Note that there are two different flavors of arguments that the AI systems we build will be goal-directed agents (which are dangerous if the goal is even slightly wrong):
- Simply knowing that an agent is intelligent lets us infer that it is goal-directed.
- Humans are particularly likely to build goal-directed agents.
I will only be arguing against the first claim in this post, and will talk about the second claim in the next post.
All behavior can be rationalized as EU maximization
Suppose we have access to the entire policy of an agent, that is, given any universe-history, we know what action the agent will take. Can we tell whether the agent is an EU maximizer?
Actually, no matter what the policy is, we can view the agent as an EU maximizer. The construction is simple: the agent can be thought as optimizing the utility function U, where U(h, a) = 1 if the policy would take action a given history h, else 0. Here I’m assuming that U is defined over histories that are composed of states/observations and actions. The actual policy gets 1 utility at every timestep; any other policy gets less than this, so the given policy perfectly maximizes this utility function. This construction has been given before, eg. at the bottom of page 6 of this paper. (I think I’ve seen it before too, but I can’t remember where.)
But wouldn’t this suggest that the VNM theorem has no content? Well, we assumed that we were looking at the policy of the agent, which led to a universe-history deterministically. We didn’t have access to any probabilities. Given a particular action, we knew exactly what the next state would be. Most of the axioms of the VNM theorem make reference to lotteries and probabilities -- if the world is deterministic, then the axioms simply say that the agent must have transitive preferences over outcomes. Given that we can only observe the agent choose one history over another, we can trivially construct a transitive preference ordering by saying that the chosen history is higher in the preference ordering than the one that was not chosen. This is essentially the construction we gave above.
What then is the purpose of the VNM theorem? It tells you how to behave if you have probabilistic beliefs about the world, as well as a complete and consistent preference ordering over outcomes. This turns out to be not very interesting when “outcomes” refers to “universe-histories”. It can be more interesting when “outcomes” refers to world states instead (that is, snapshots of what the world looks like at a particular time), but utility functions over states/snapshots can’t capture everything we’re interested in, and there’s no reason to take as an assumption that an AI system will have a utility function over states/snapshots.

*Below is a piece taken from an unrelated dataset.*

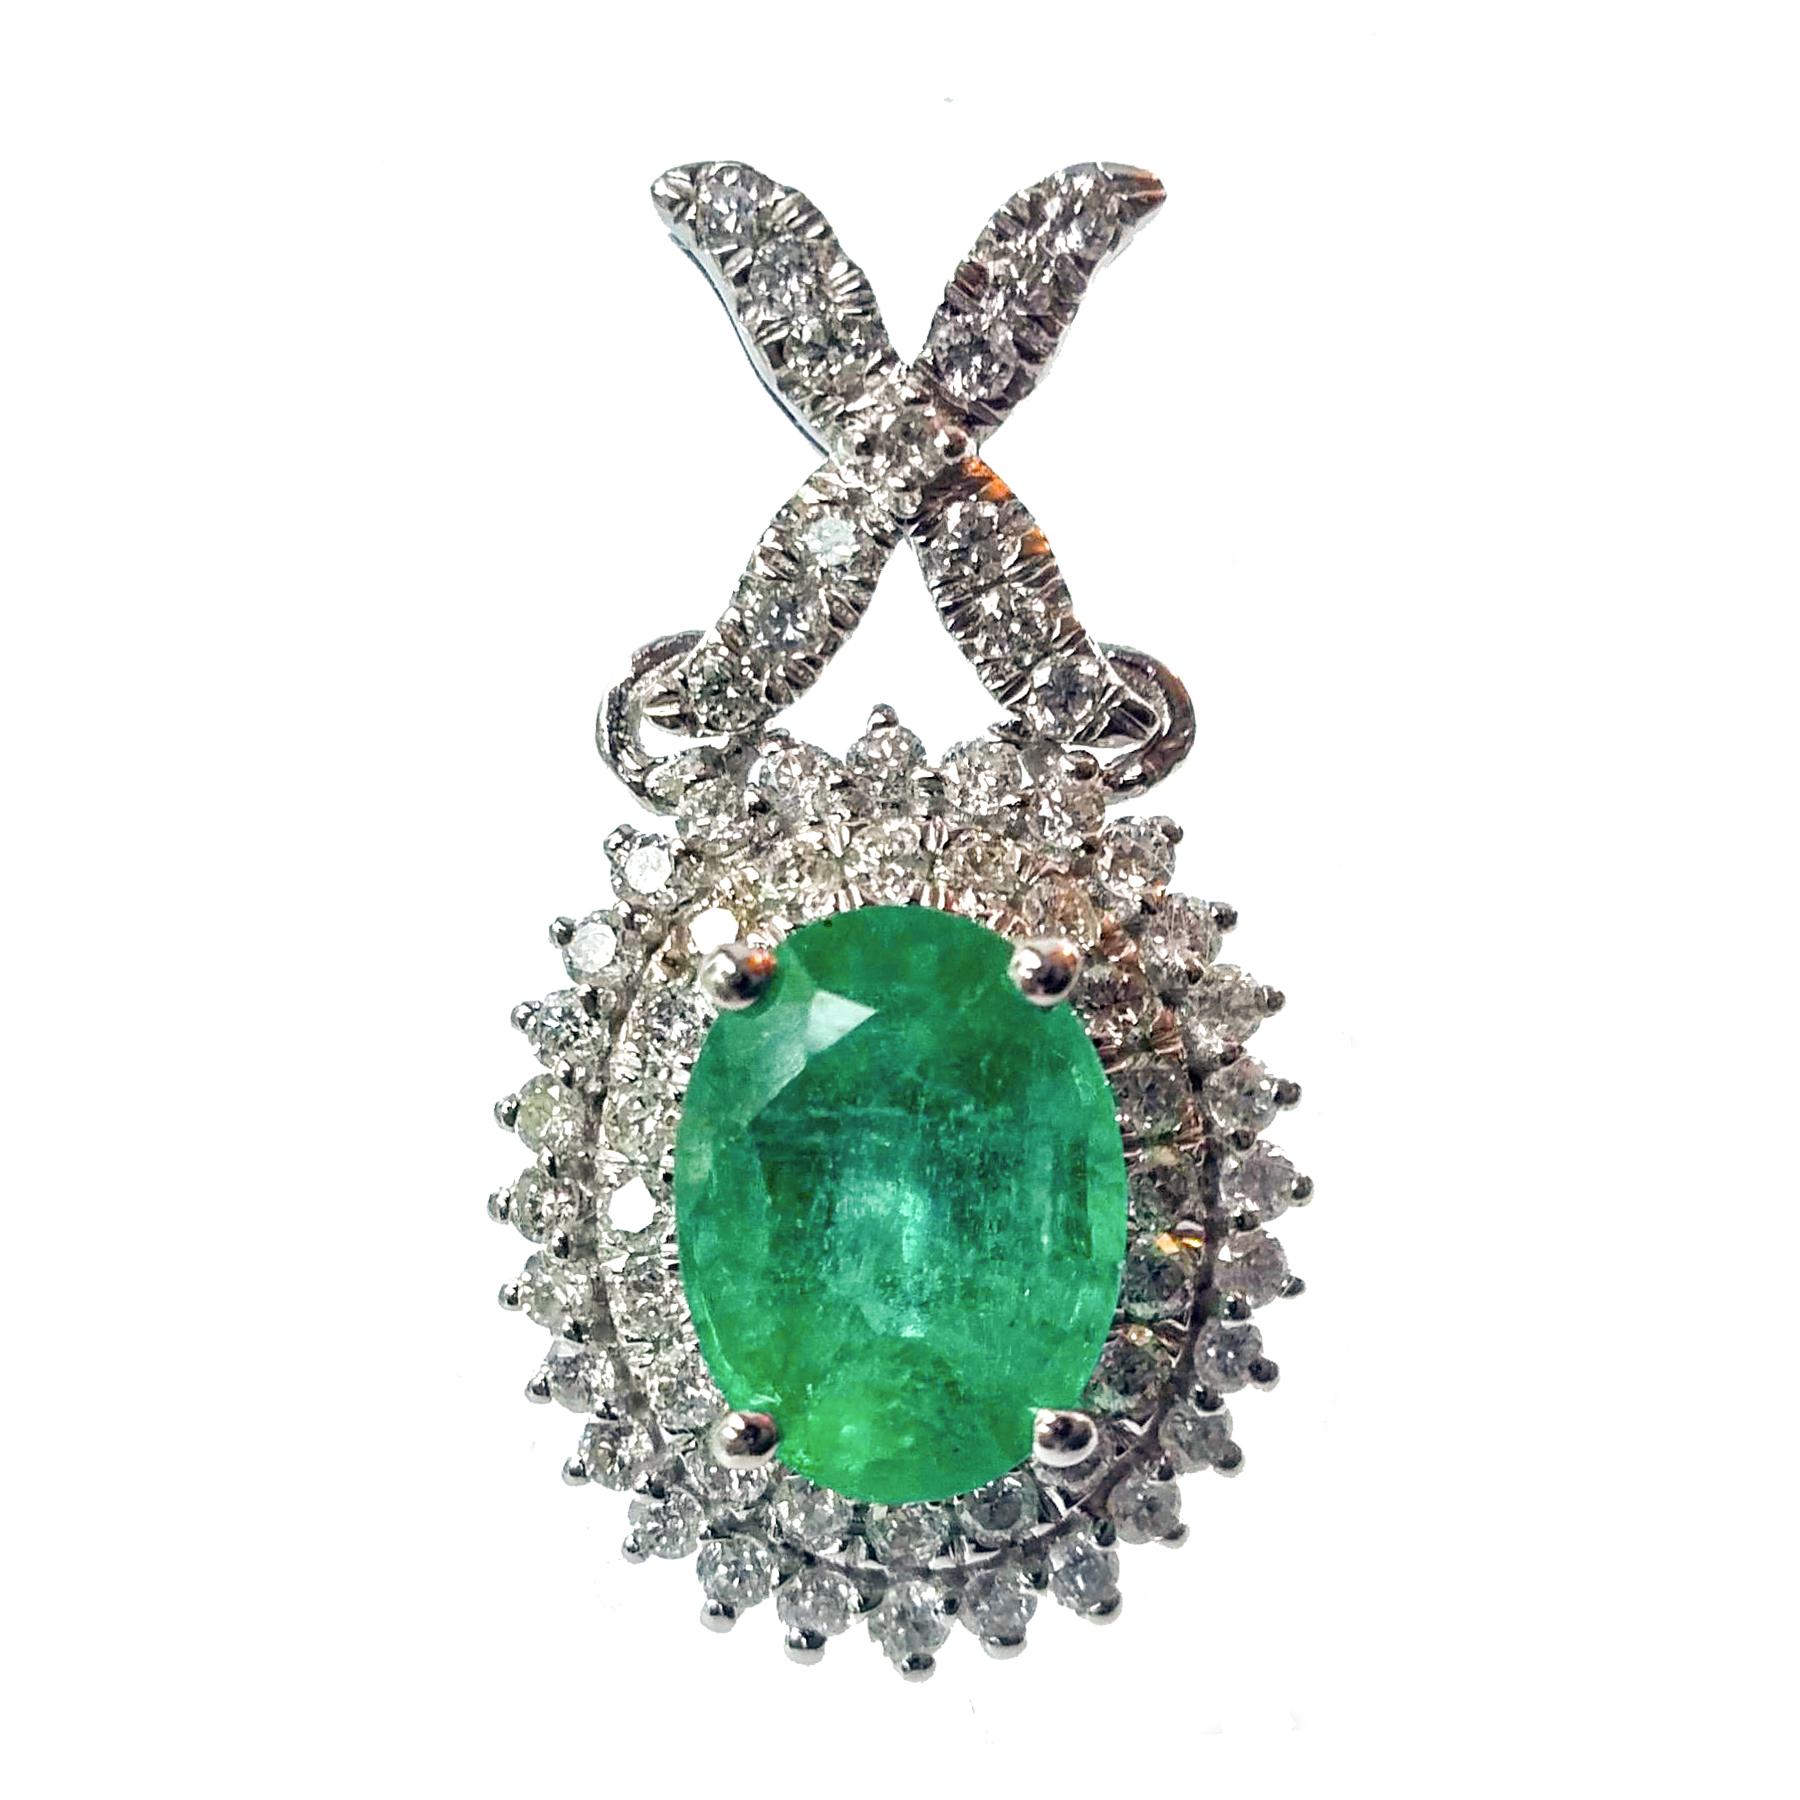 Majestic emerald and diamond necklace earring set. Lively,14.73 carats, high luster, intense bluish-green pear and oval faceted natural emeralds, encased in basket mounting, with bead prongs, surrounded with round brilliant cut diamond. Contemporary

There are no coherence arguments that say you must have goal-directed behavior
Not all behavior can be thought of as goal-directed (primarily because I allowed the category to be defined by fuzzy intuitions rather than something more formal). Consider the following examples:
- A robot that constantly twitches
- The agent that always chooses the action that starts with the letter “A”
- The agent that follows the policy <policy> where for every history the corresponding action in <policy> is generated randomly.
These are not goal-directed by my “definition”. However, they can all be modeled as expected utility maximizers, and there isn’t any particular way that you can exploit any of these agents. Indeed, it seems hard to model the twitching robot or the policy-following agent as having any preferences at all, so the notion of “exploiting” them doesn’t make much sense.
You could argue that neither of these agents are intelligent, and we’re only concerned with superintelligent AI systems. I don’t see why these agents could not in principle be intelligent: perhaps the agent knows how the world would evolve, and how to intervene on the world to achieve different outcomes, but it does not act on these beliefs. Perhaps if we peered into the inner workings of the agent, we could find some part of it that allows us to predict the future very accurately, but it turns out that these inner workings did not affect the chosen action at all. Such an agent is in principle possible, and it seems like it is intelligent.
(If not, it seems as though you are defining intelligence to also be goal-driven, in which case I would frame my next post as arguing that we may not want to build superintelligent AI, because there are other things we could build that are as useful without the corresponding risks.)
You could argue that while this is possible in principle, no one would ever build such an agent. I wholeheartedly agree, but note that this is now an argument based on particular empirical facts about humans (or perhaps agent-building processes more generally). I’ll talk about those in the next post; here I am simply arguing that merely knowing that an agent is intelligent, with no additional empirical facts about the world, does not let you infer that it has goals.
As a corollary, since all behavior can be modeled as maximizing expected utility, but not all behavior is goal-directed, it is not possible to conclude that an agent is goal-driven if you only know that it can be modeled as maximizing some expected utility. However, if you know that an agent is maximizing the expectation of an explicitly represented utility function, I would expect that to lead to goal-driven behavior most of the time, since the utility function must be relatively simple if it is explicitly represented, and simple utility functions seem particularly likely to lead to goal-directed behavior.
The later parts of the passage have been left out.